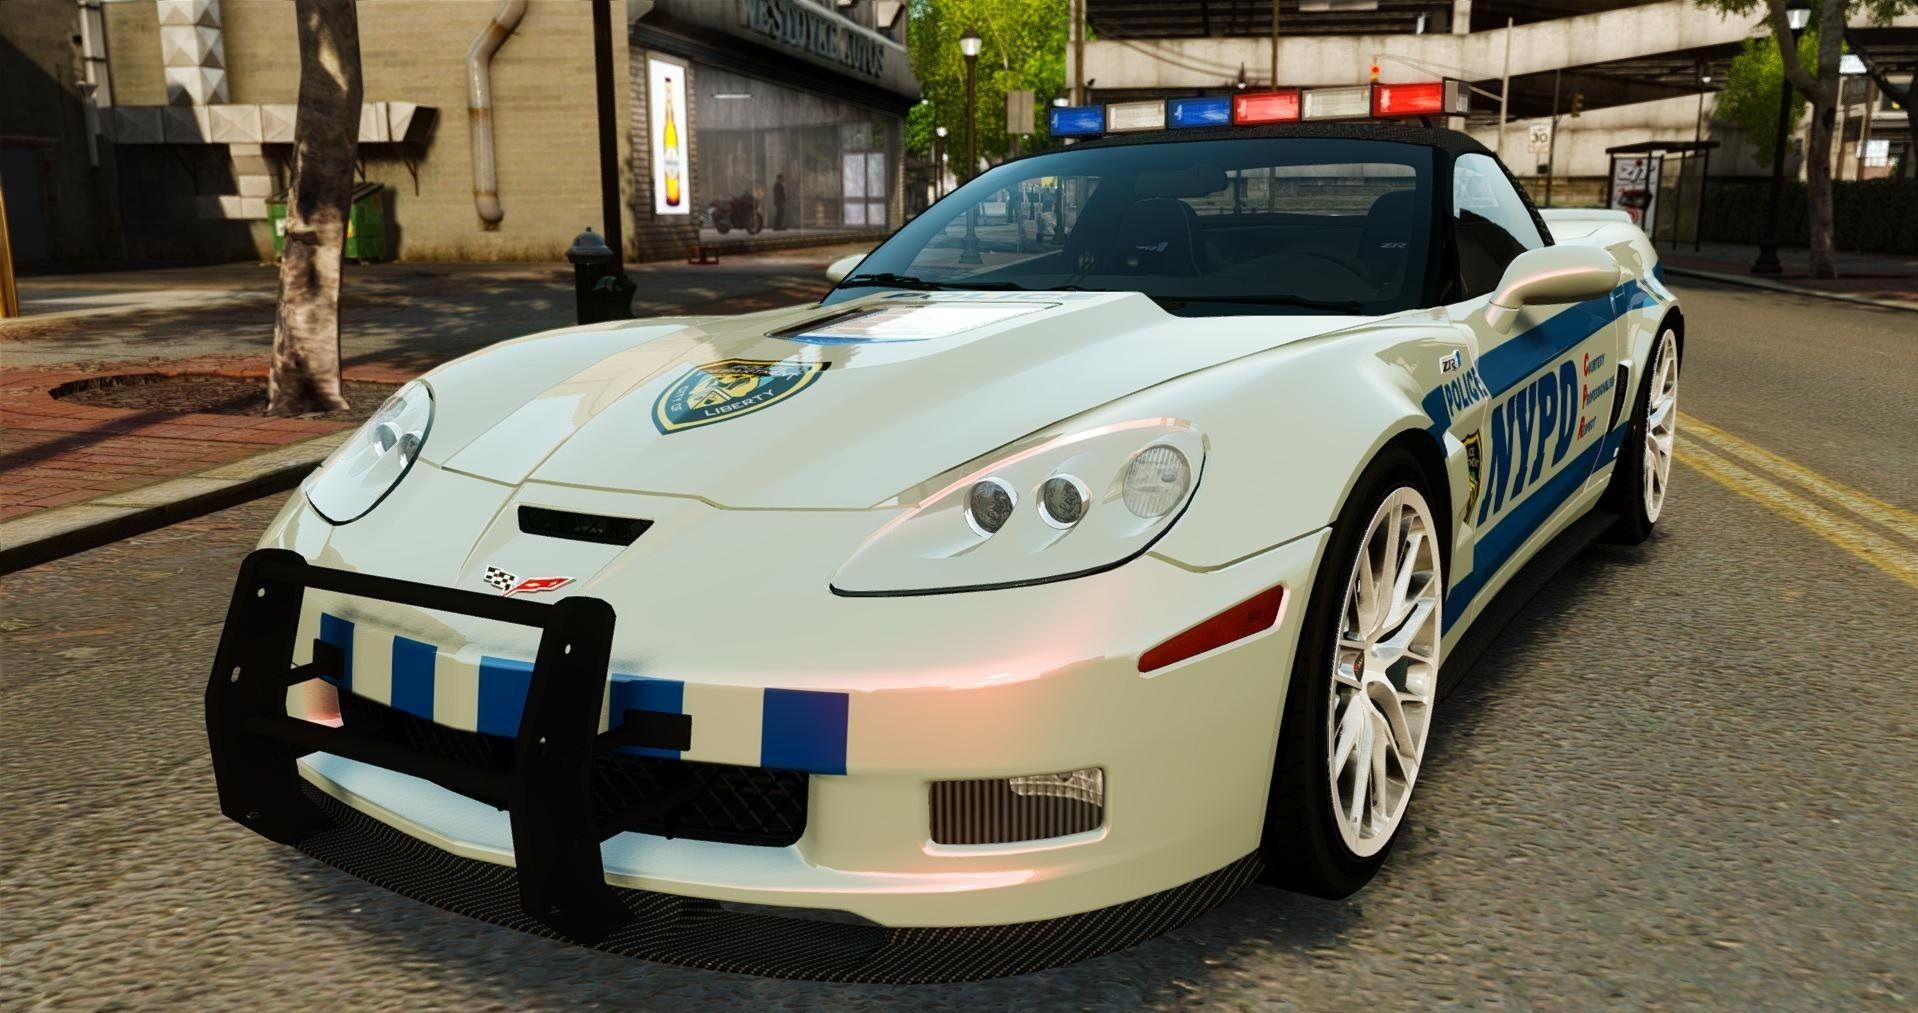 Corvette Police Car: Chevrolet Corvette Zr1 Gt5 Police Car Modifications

--

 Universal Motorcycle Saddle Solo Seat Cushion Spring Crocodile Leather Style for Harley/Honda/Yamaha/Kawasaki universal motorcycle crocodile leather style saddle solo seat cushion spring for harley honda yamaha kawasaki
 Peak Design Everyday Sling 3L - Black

### PROBLEM TO SOLVE
Beginning at the line with "Universal Motorcycle Saddle" and stopping after the line with "Peak Design Everyday Sling 3L - Black", please write out every line of the data above exactly and nothing else.

### TASK RESULT
 Universal Motorcycle Saddle Solo Seat Cushion Spring Crocodile Leather Style for Harley/Honda/Yamaha/Kawasaki universal motorcycle crocodile leather style saddle solo seat cushion spring for harley honda yamaha kawasaki
 Peak Design Everyday Sling 3L - Black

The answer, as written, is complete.